Unique Protocol Identification Number
NCT01662544
Brief Title
Heated High Flow Oxygen Use in Infants With Bronchiolitis and Hypoxia
Acronym
HHFNC
Official Title
Comparison of Heated Humidified High-flow Nasal Cannula (HHFNC) Versus Standard Nasal Cannula Oxygen Delivery on Respiratory Distress and Length of Stay in Infants With Bronchiolitis and Hypoxia
Study Type
Interventional

2. Study Status

Record Verification Date
July 2017
Overall Recruitment Status
Unknown status
Study Start Date
August 2012 (undefined)
Primary Completion Date
May 2015 (Actual)
Study Completion Date
December 2017 (Anticipated)

3. Sponsor/Collaborators

Responsible Party, by Official Title
Sponsor
Name of the Sponsor
Children's Hospitals and Clinics of Minnesota

4. Oversight

Data Monitoring Committee
Yes

5. Study Description

Brief Summary
Bronchiolitis is a common cold weather seasonal respiratory illness affecting infants and children.
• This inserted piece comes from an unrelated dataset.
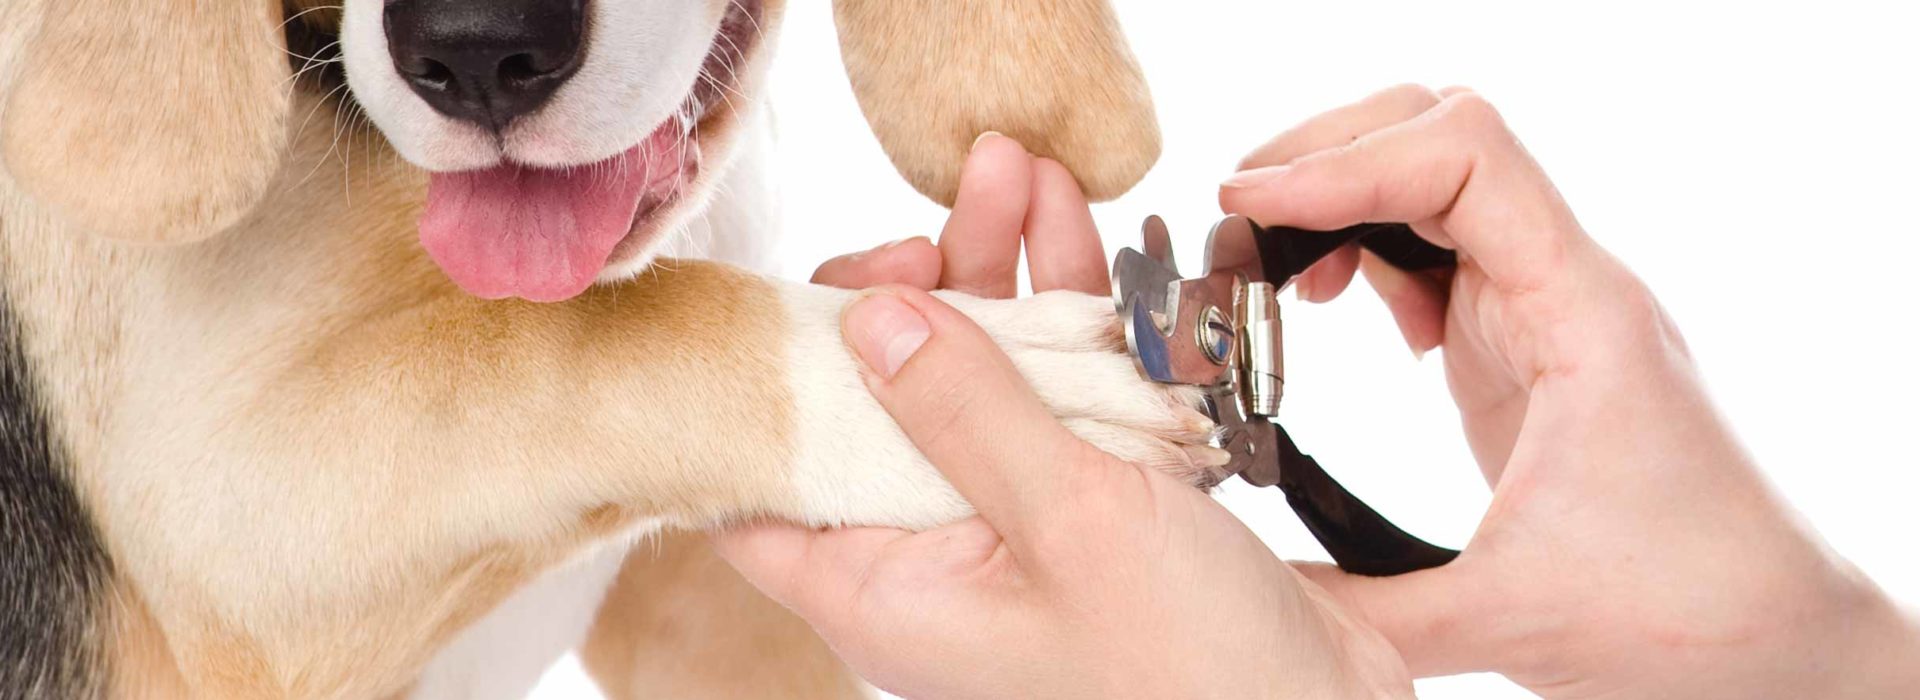 Dog getting its nails trimmed

Multiple supportive therapies have been tried in infants with bronchiolitis including albuterol, racemic epinephrine, hypertonic saline nebulization, but to date supportive therapy with oxygen is the only proven therapy to decrease respiratory distress in infants with bronchiolitis, with hypertonic saline showing a borderline statistically significant improvement. This prospective, randomized study will compare CSS and PEWS scores on infants who receive oxygen by standard flow nasal cannula and to those who receive oxygen via Humidified High-Flow Nasal Cannula (HHFNC). The results will help determine if infants with viral bronchiolitis who receive humidified high flow nasal cannula oxygen therapy have improved Clinical Severity Score (CSS) and Pediatric Early Warning System (PEWS) scores and ultimately decreased lengths of admissions when compared to patients treated with nasal cannula oxygen therapy with/without bronchodilator therapy. Hypothesis Heated Humidified High-flow Nasal Cannula Delivery of Oxygen decreases respiratory distress as measured by pediatric CSS and PEWS when compared with routine nasal cannula oxygen delivery in infants with bronchiolitis.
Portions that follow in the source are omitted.